こういう抱え込みの手法のひとつにこれまで「定期購入」というものがありました。
「定期購入」は金額が安くなったり送料が無料になったりという「価格」という面での訴求が多いのですが、
ADBはその辺りのメリットはそこまで大きくありません。体験というものを価値に売っている印象です。

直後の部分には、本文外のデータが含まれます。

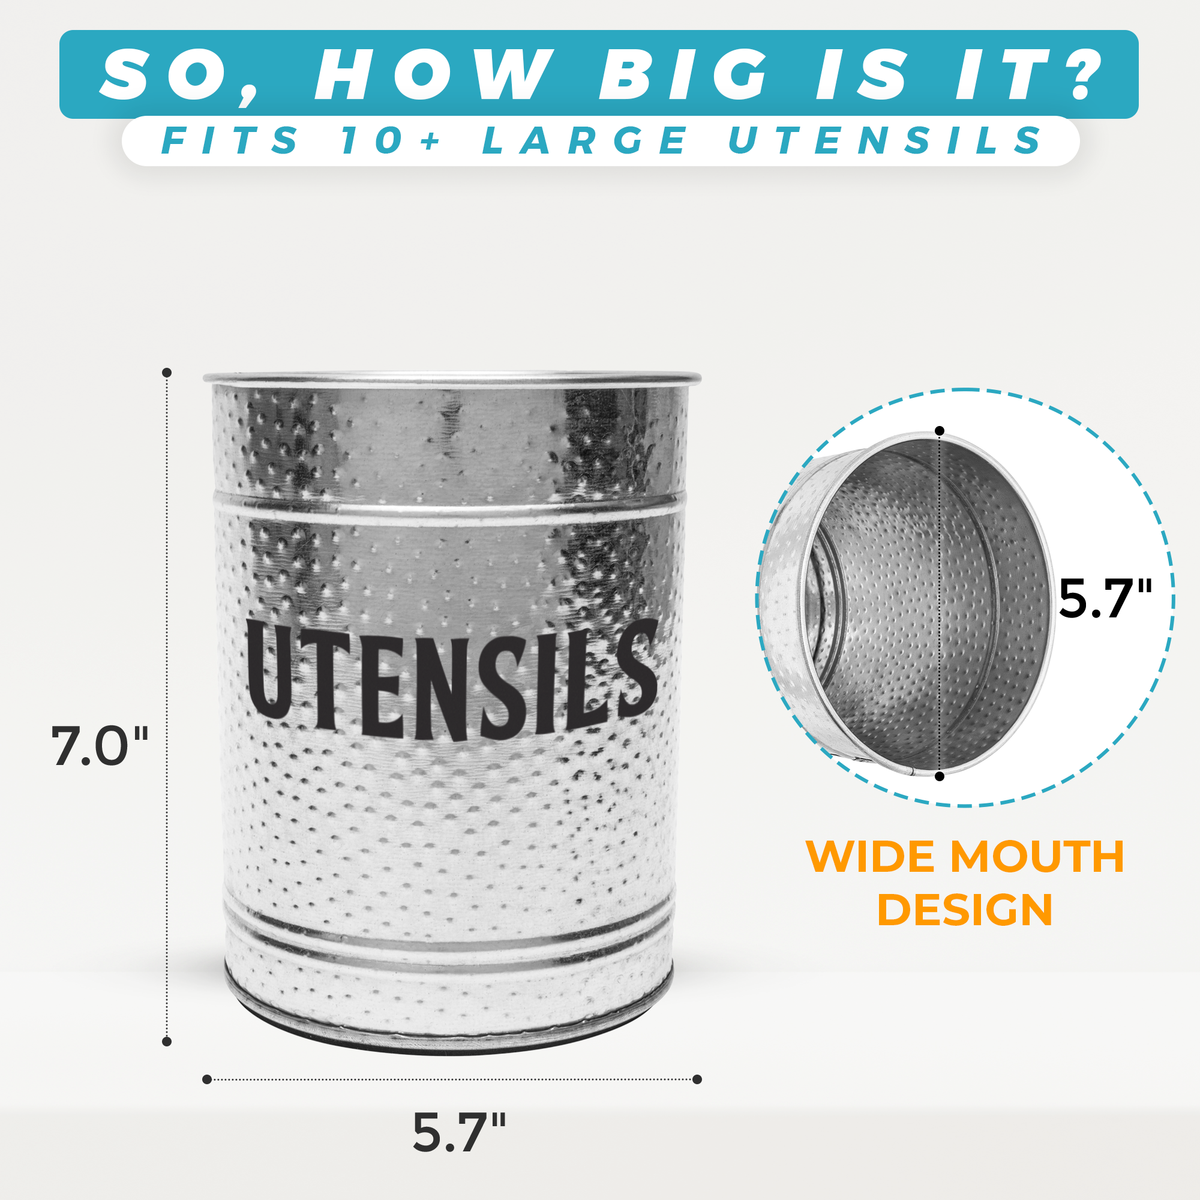 Wide mouth design on 5.7 x 5.7 x 7 inch utensil holder

また、「定期購入」の一番大きな課題として「定期解約」というものがあります。定期解約をされる要因の多くに「余る」というものがあるのも事実です。
この「余る」という部分は、「定期」という関係上仕方のないことですがこの部分にメスをいれることができるのが、今回のADBではないかとも思うわけです。
つまり、「欲しい時に簡単に注文できる」というサービスを提供できることによって、「定期」とは別の抱え込みができるということになります。
ユーザーを抱え込む方法として「定期」というものから「会員サービス」という部分にシフトして対応ができるamazonの強さを感じている次第です。

こういったハードウェア(端末)が簡単に提供できるようになって、なおかつユーザーがある程度リテラシーをもち簡単に設定ができるという環境になった場合、ユーザーの抱え込みの手法が変わってくるのではないでしょうか?

これまでなんども聞いてきましたが、「サービスデザイン」というものを体現しているものが、まさにADBのようにも思えます。
このADBが今後、ただのガジェットで終わるのか、通販業界を変えるツールになるのか注目しつつ、私の中では便利なツールとして使っていきたいと思っています。